=== What you have to do ===
The job is to output exactly the lines that run from the start of the entries through the line containing "Motherwell's David Turnbull", pictures omitted.

=== Data shown ===

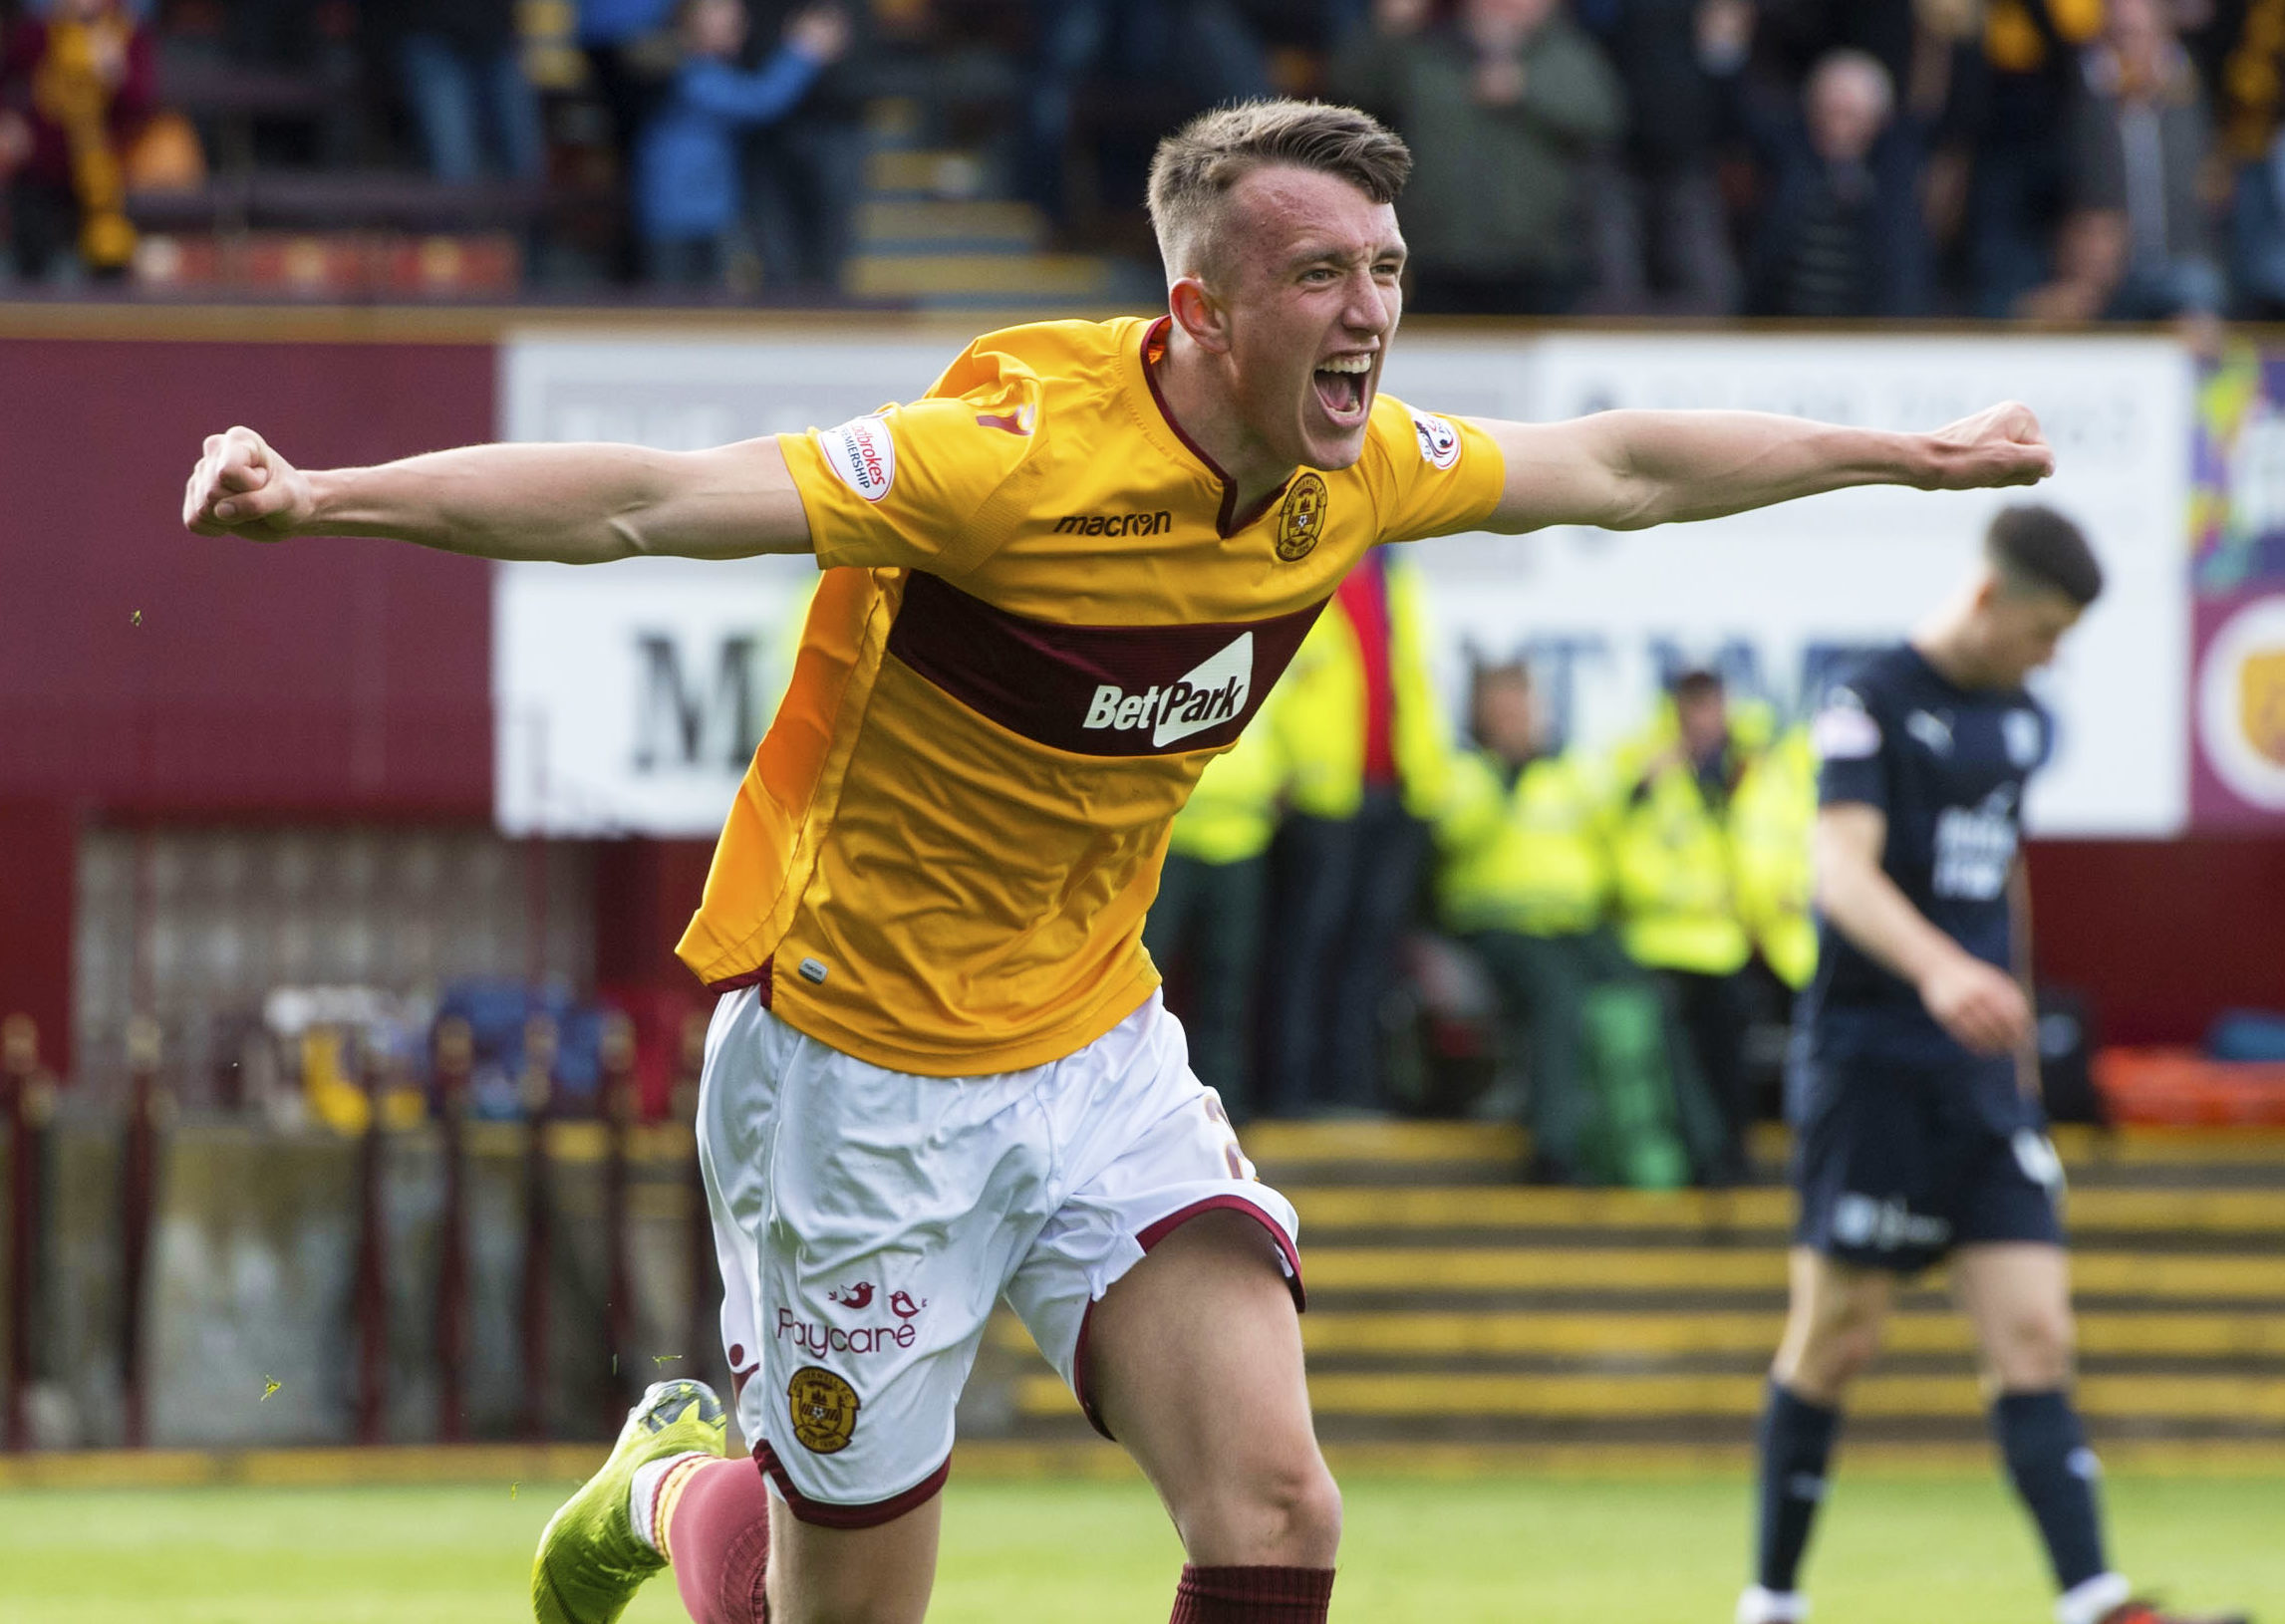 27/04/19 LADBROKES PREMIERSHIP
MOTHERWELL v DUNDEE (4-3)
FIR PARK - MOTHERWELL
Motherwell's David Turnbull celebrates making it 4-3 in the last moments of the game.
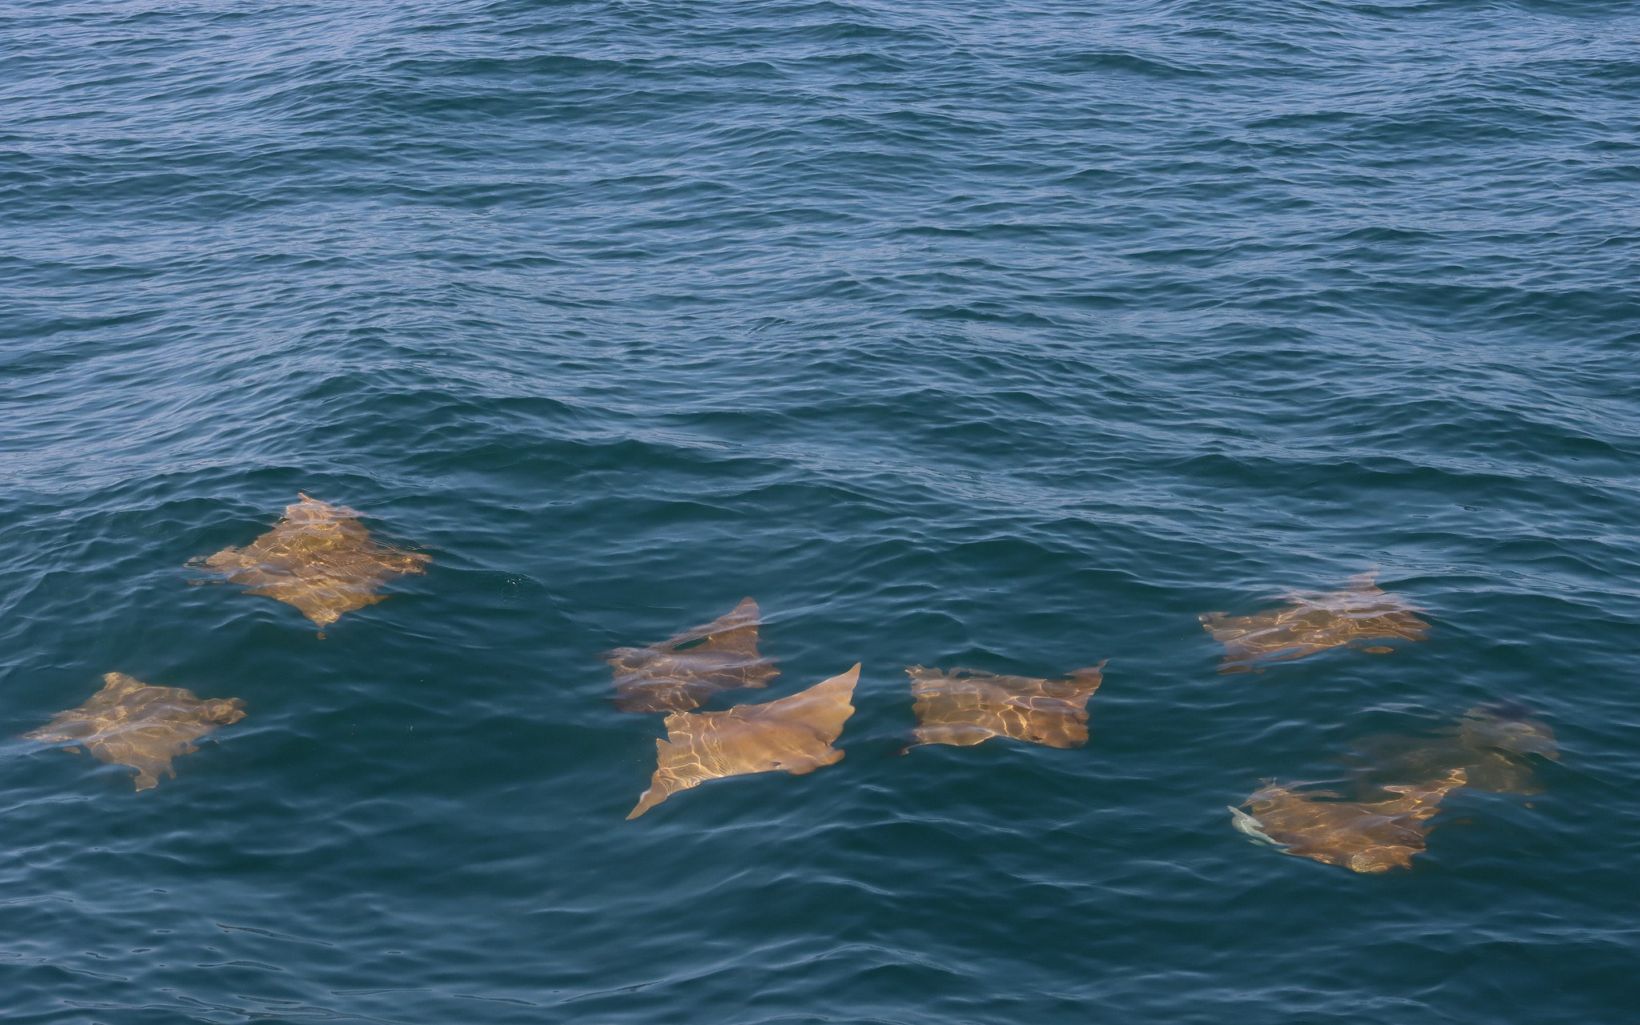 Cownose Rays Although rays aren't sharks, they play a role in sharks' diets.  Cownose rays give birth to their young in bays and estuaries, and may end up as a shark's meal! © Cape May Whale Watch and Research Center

===

=== Expected answer ===
 27/04/19 LADBROKES PREMIERSHIP
MOTHERWELL v DUNDEE (4-3)
FIR PARK - MOTHERWELL
Motherwell's David Turnbull celebrates making it 4-3 in the last moments of the game.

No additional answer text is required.